The crustacean scanned the tiny settlement with his eyes. "I'm impressed with what I see," he said in the native tongue. "You've built an entire civilization out of naturally occurring materials. You are truly living in harmony with the ecosystem."

"Great," grumbled Amy. "The toilet's probably a hole in the ground."

At the sight of Zoidberg, the villagers dropped their bundles and fell to their knees, completely ignoring the three humans and two robots that had arrived with him. They, like the other natives, took up the chant, "Kootooloo…kootooloo…"

"Yes, it's true!" the lobster addressed them. "I, the great god Kootooloo, have returned from the dead, or New Jersey, or whatever terrible place I was in!"

Hermes watched in dismay as Zoidberg waved his claws and the natives traced their movements as if hypnotized. "Stop encouraging them!" snapped the grade-36 bureaucrat.
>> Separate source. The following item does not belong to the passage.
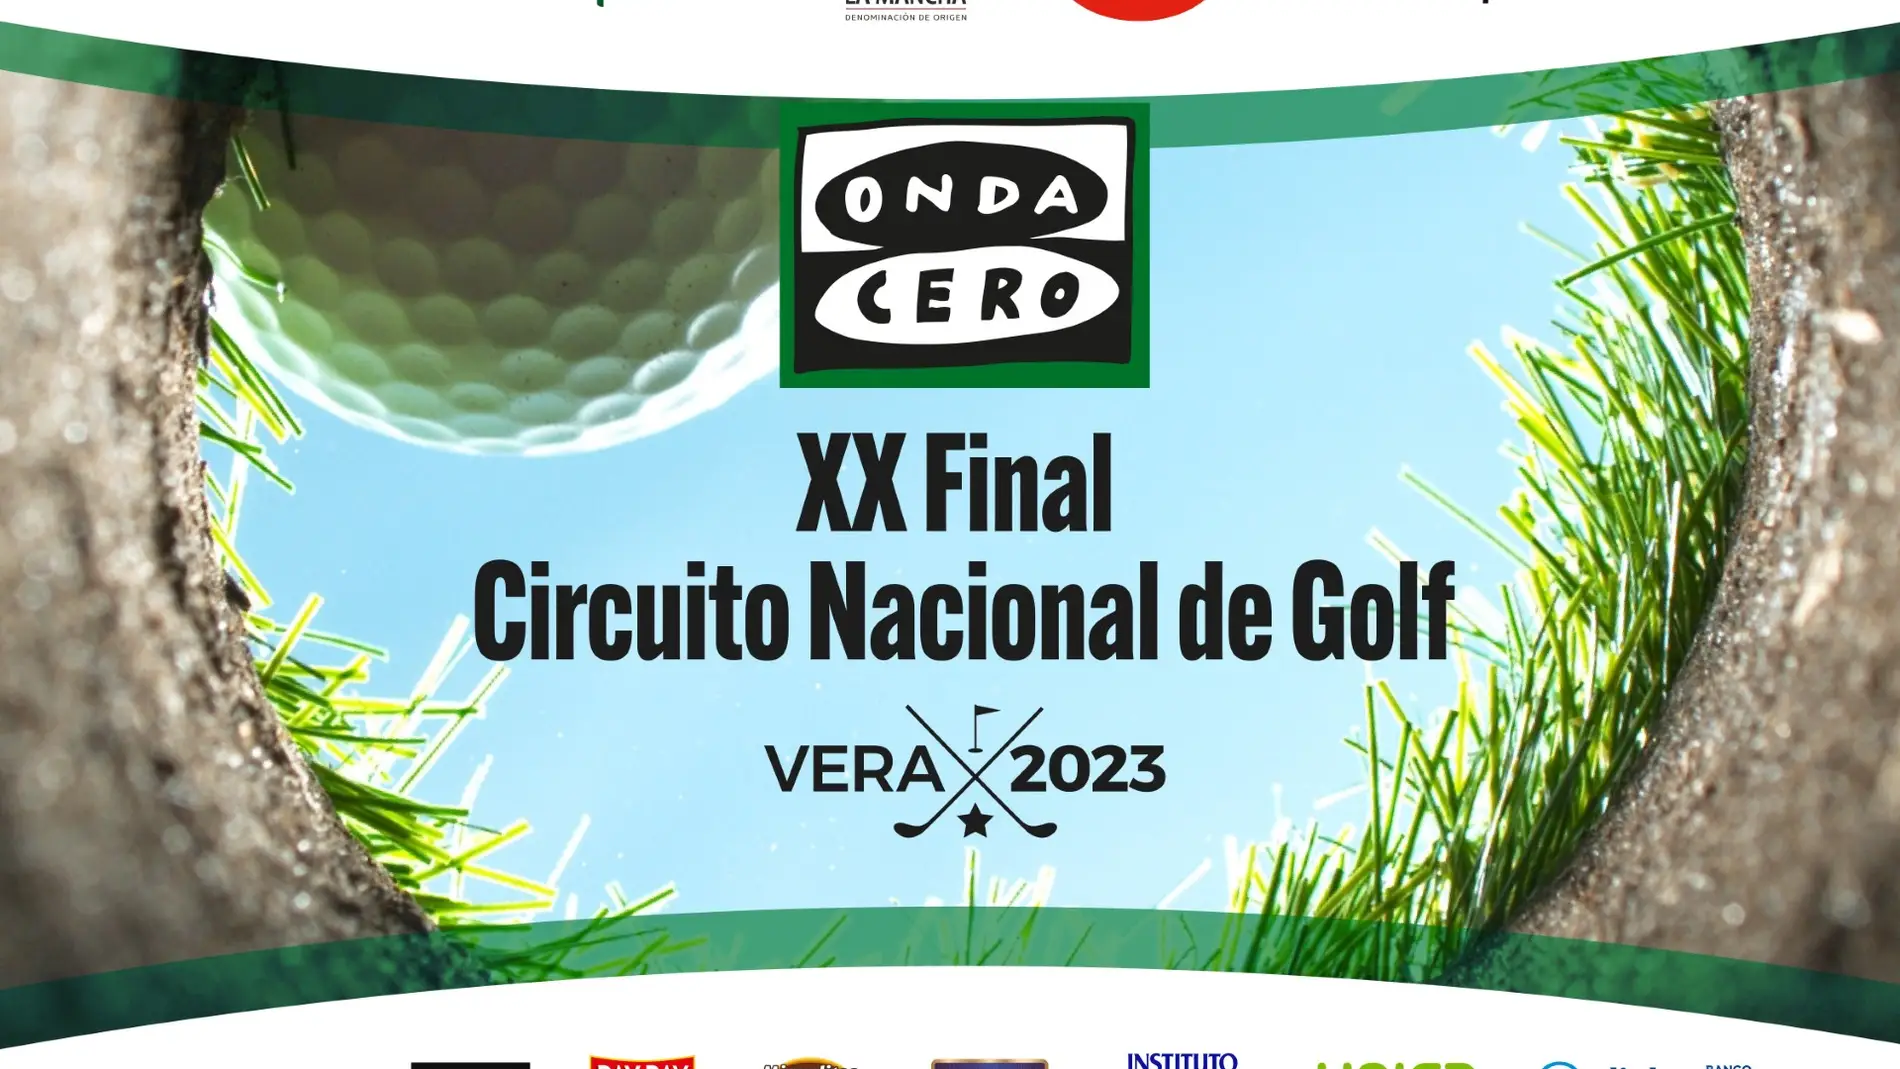 XX Final Circuito Nacional de Golf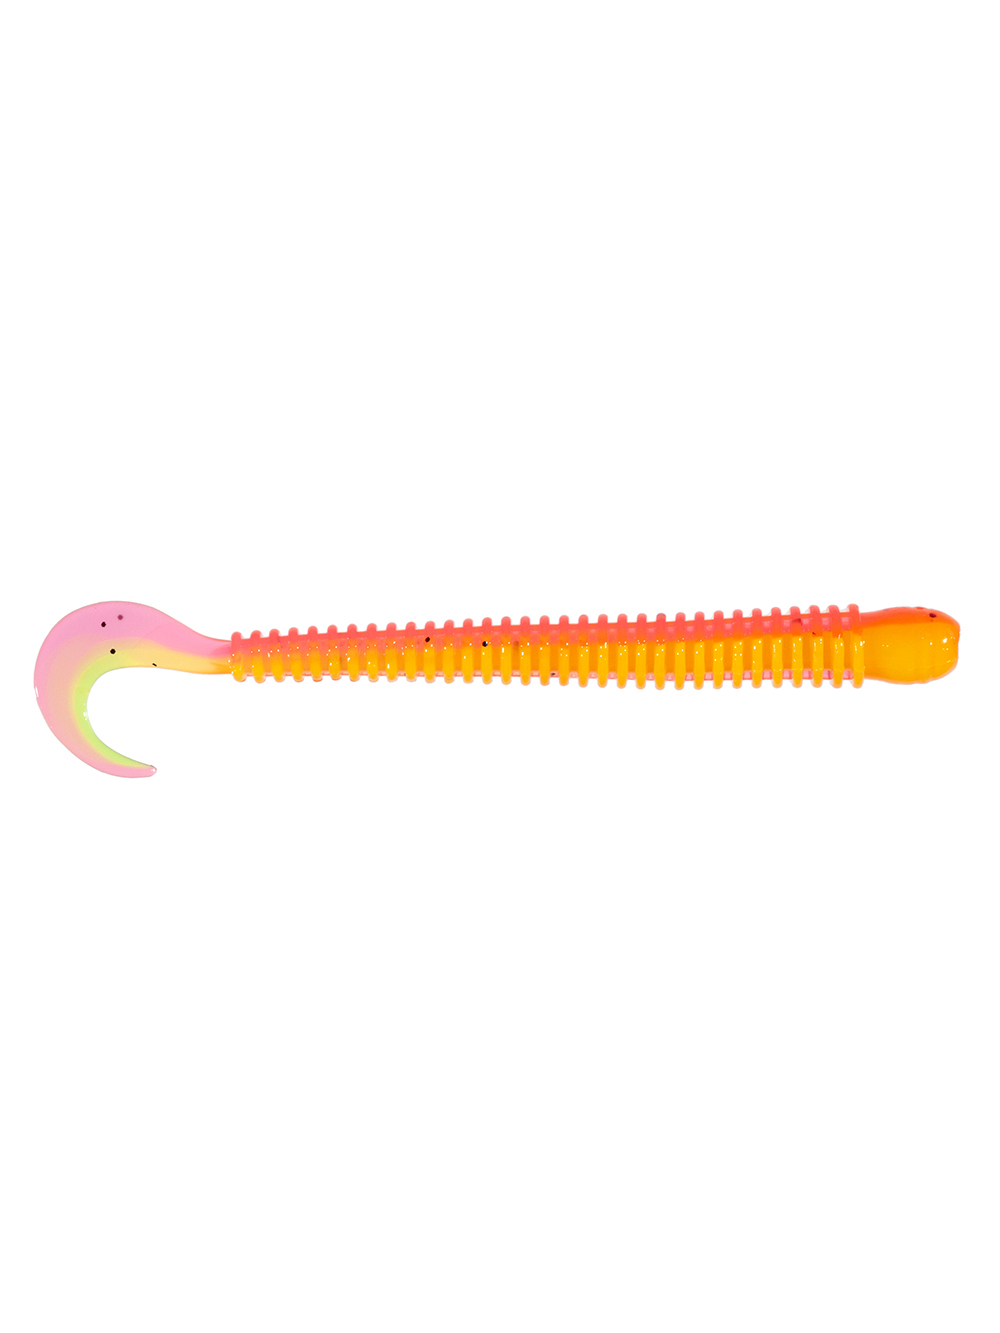 Приманка ZUB-WORM-ZANDER 108мм(4,3")-5шт, (цвет 023) желтый верх-розовый низ

"My good friend," said Zoidberg, "haven't you watched Ghostbusters? When somebody asks you if you're a god, you say yes."

"I hate to say it, but he's right," said Leela. "Their delusions of Zoidberg's godhood may be the only reason we're alive right now."

Hermes grimaced when he saw two young women in pink tops kneel in front of Zoidberg and kiss his scaly feet. "This is utterly wrong, mon," he protested. "It's a flagrant violation of the DOOP's Prime Directive."

"You mean, never press the shiny red button?" said Amy.

"No," said Hermes. "I'm talking about the Secondary Prime Directive—never interfere with a civilization less advanced than your own."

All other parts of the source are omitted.